■ **Task to complete**: Transcribe the listing exactly, leaving out every picture.

■ **Data shown**:
****

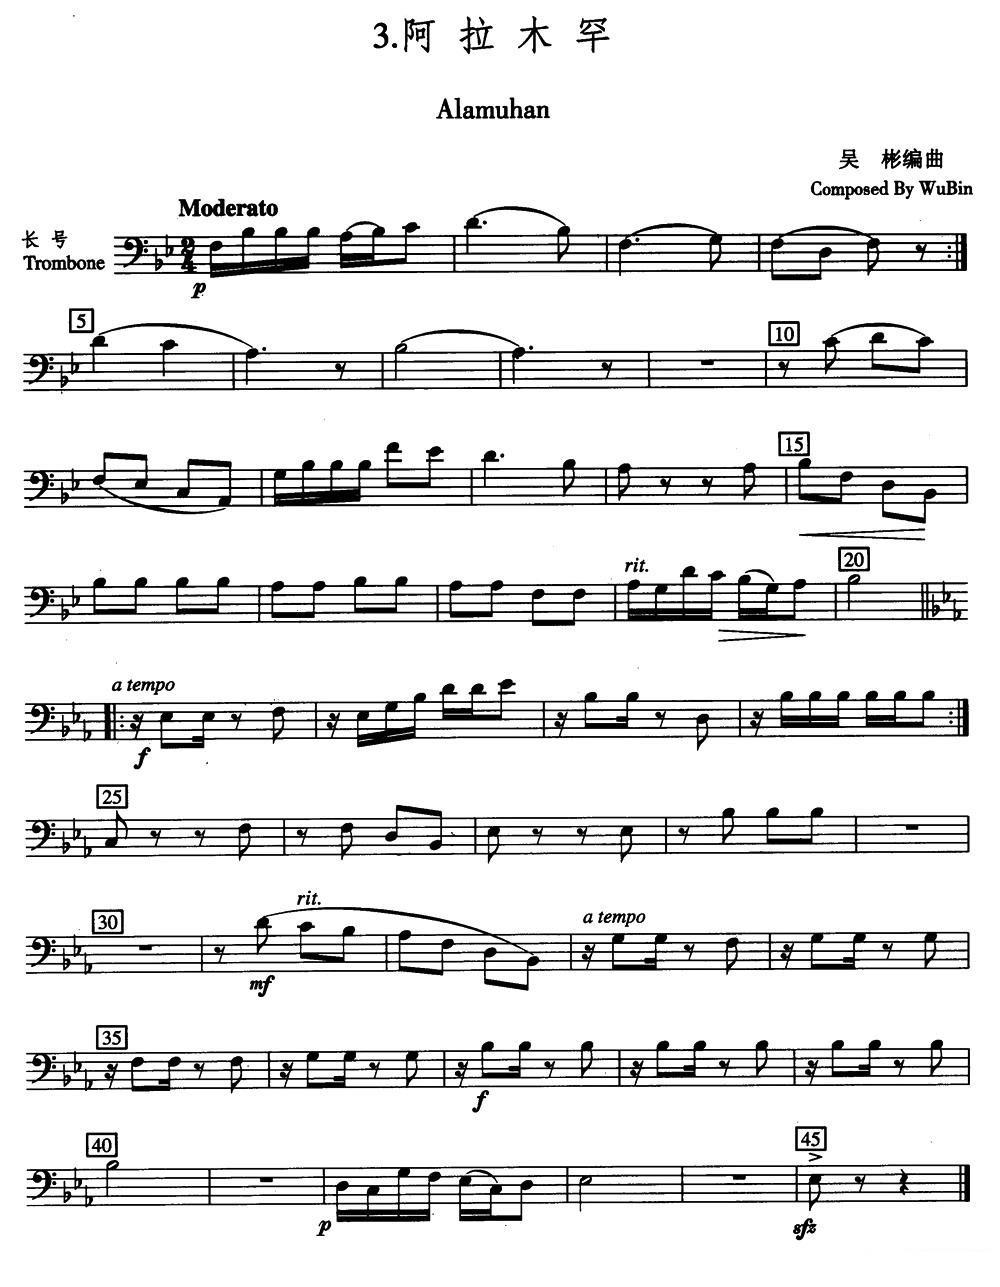 铜管乐谱曲谱 五重奏长号分谱：阿拉木罕
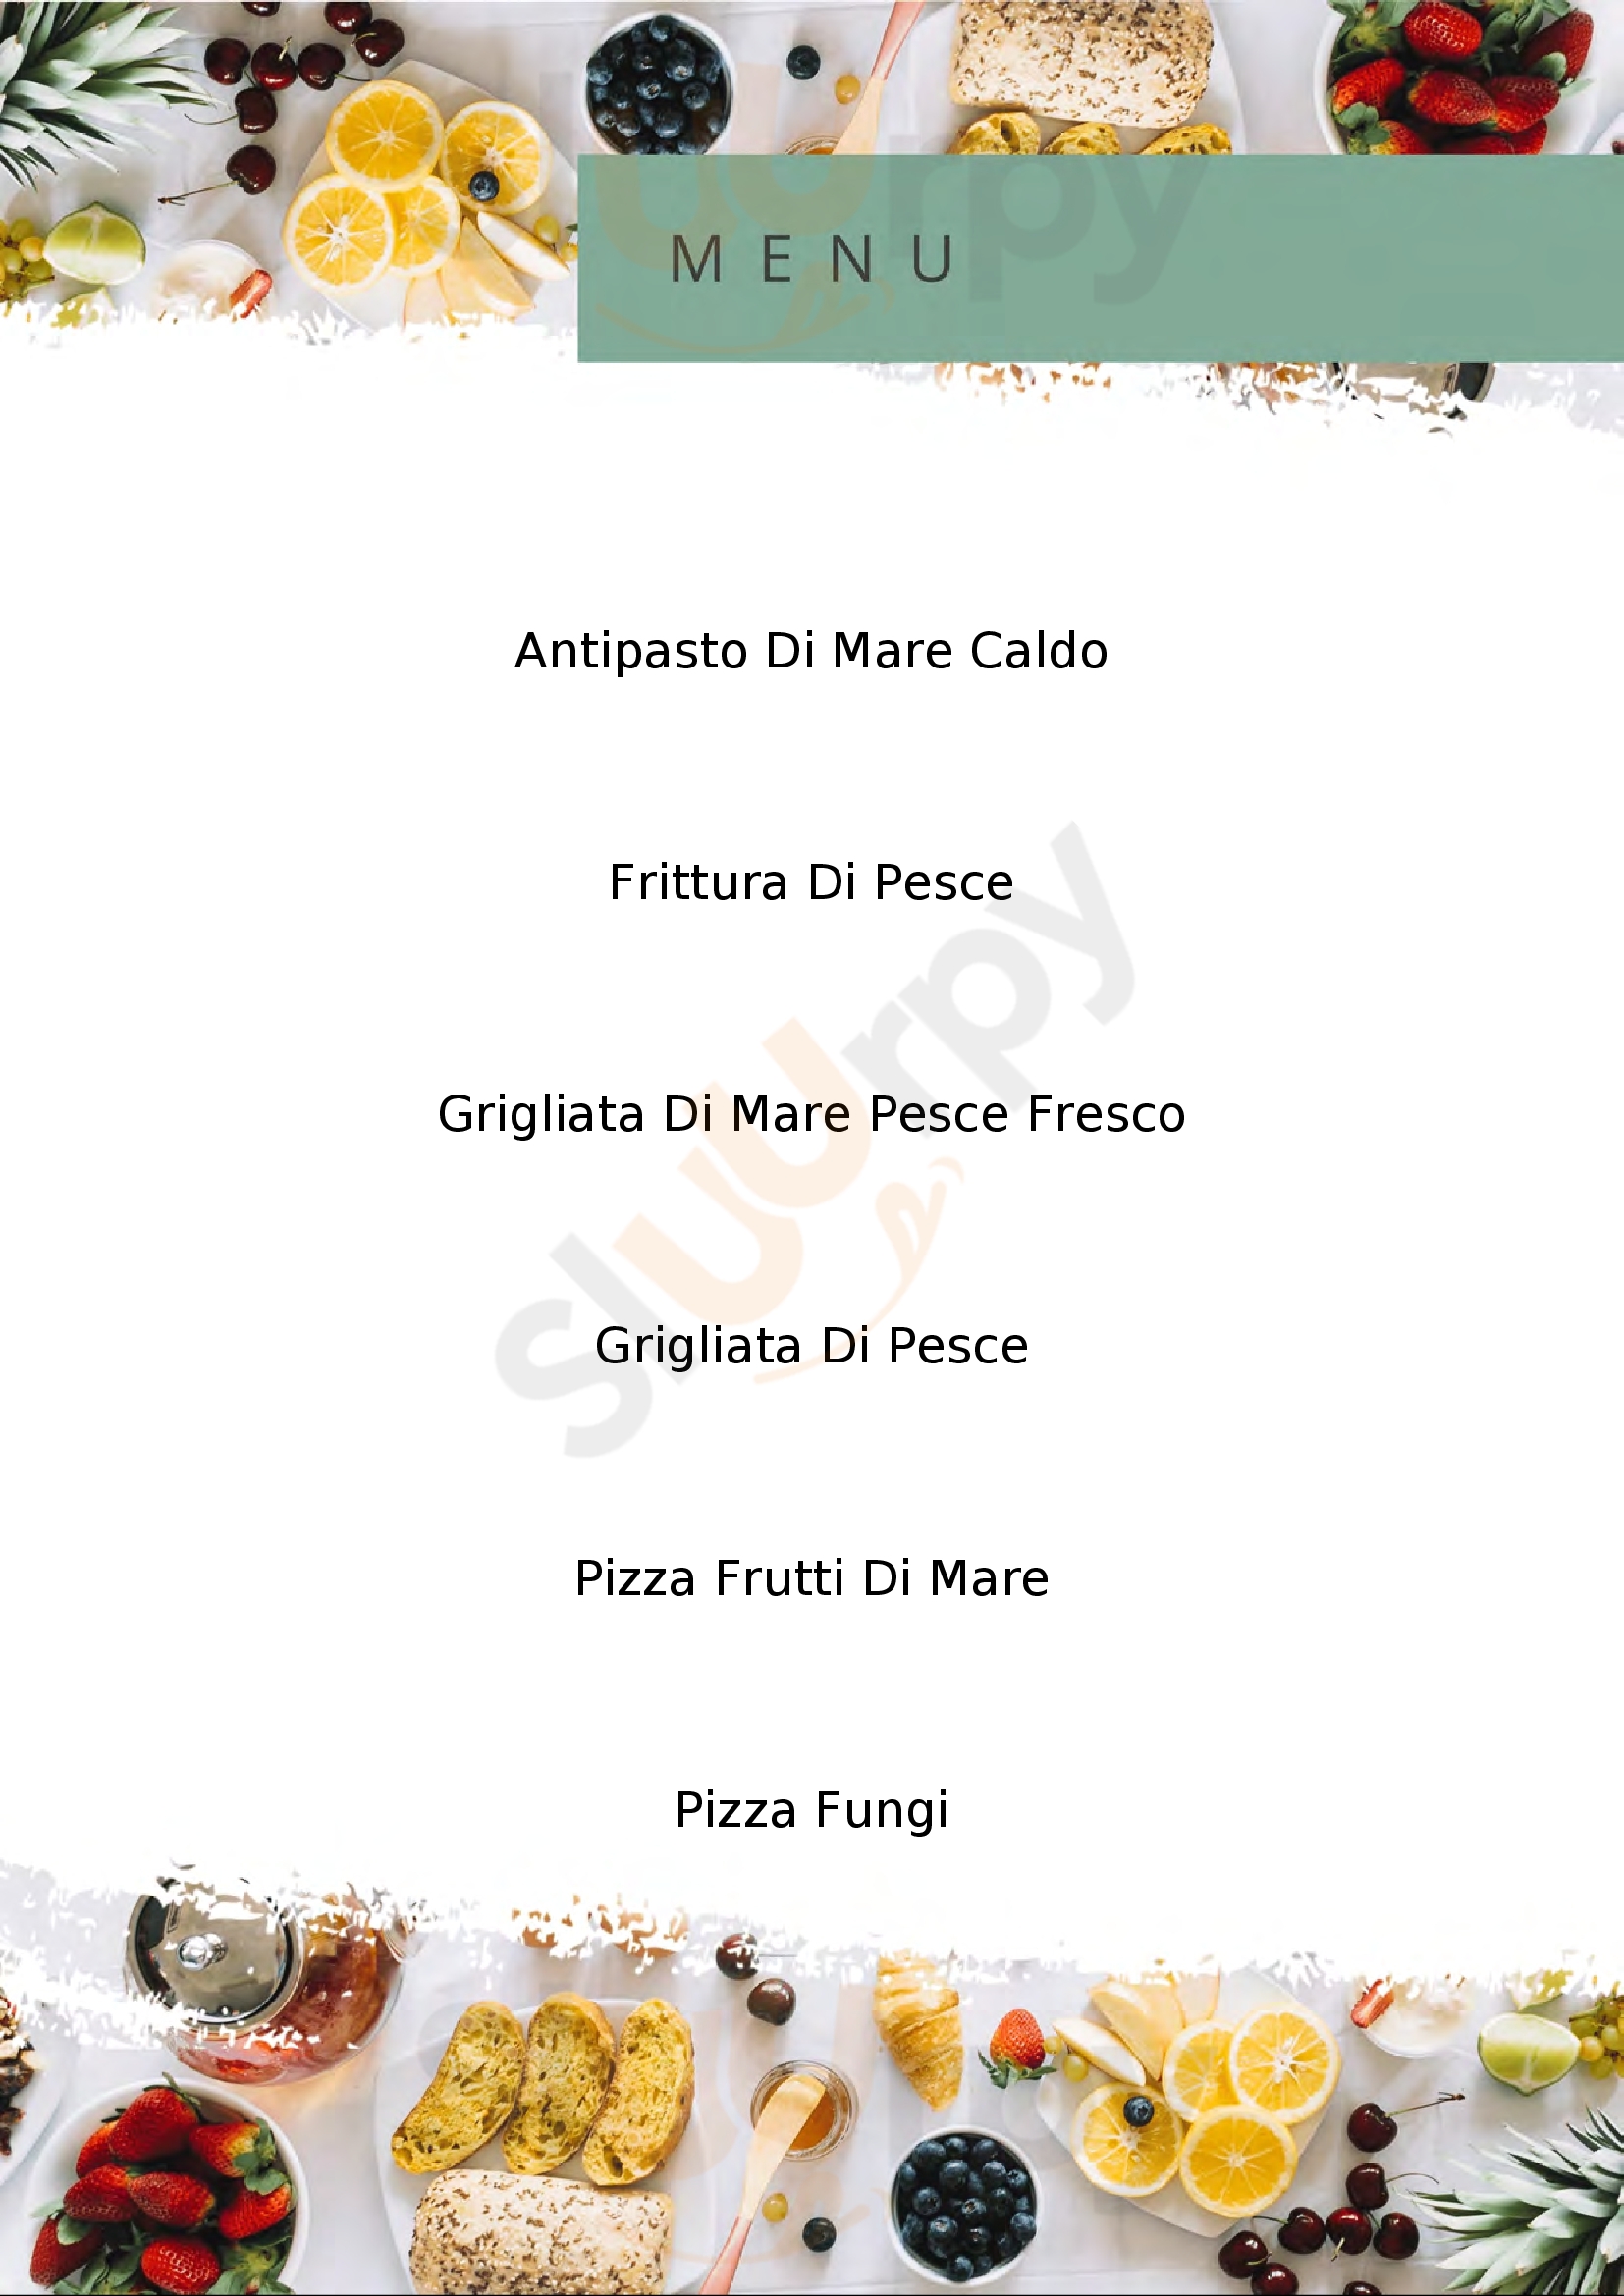 My Dream Ristorante Pizzeria Piombino menù 1 pagina
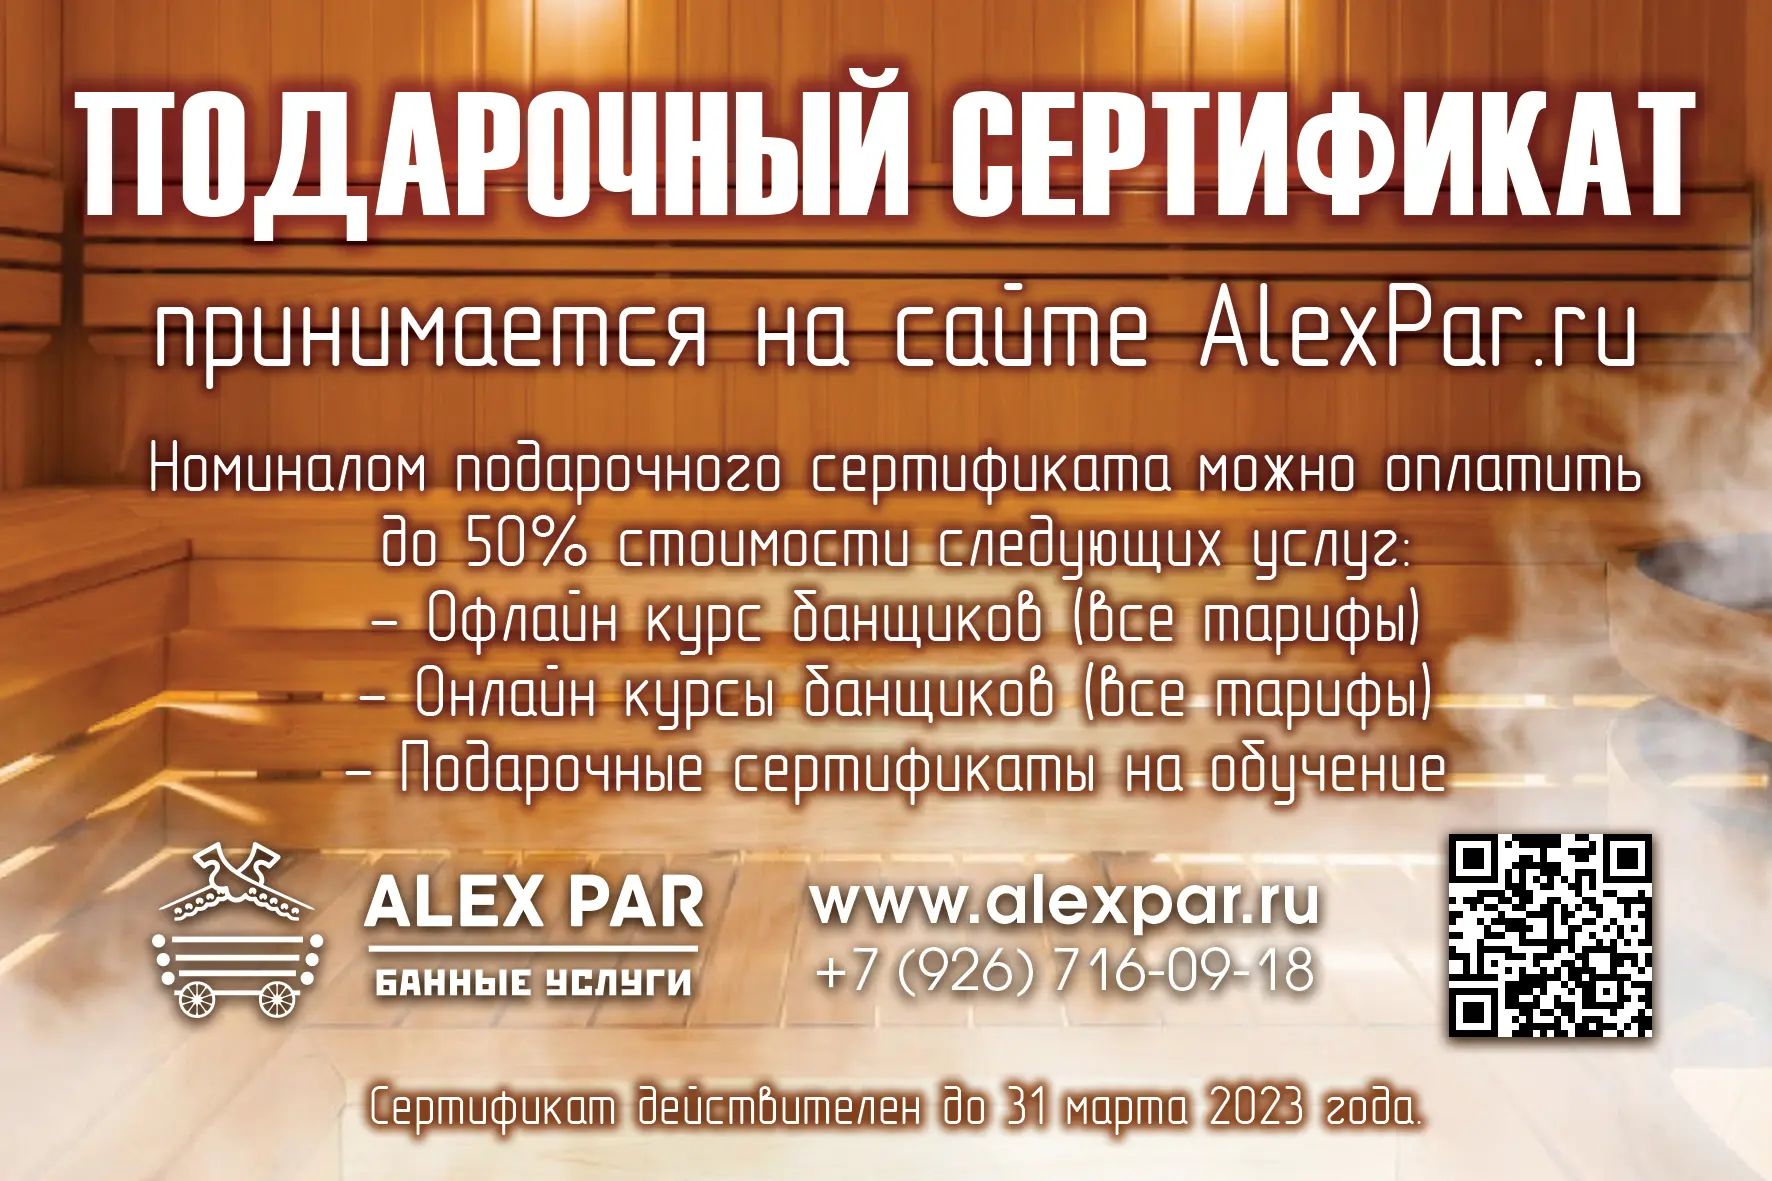 Подарочный сертификат AlexPar.ru 3 000 руб.. Фото N2

****

■ **Result of the exercise**:
 铜管乐谱曲谱 五重奏长号分谱：阿拉木罕
 My Dream Ristorante Pizzeria Piombino menù 1 pagina
 Подарочный сертификат AlexPar.ru 3 000 руб.. Фото N2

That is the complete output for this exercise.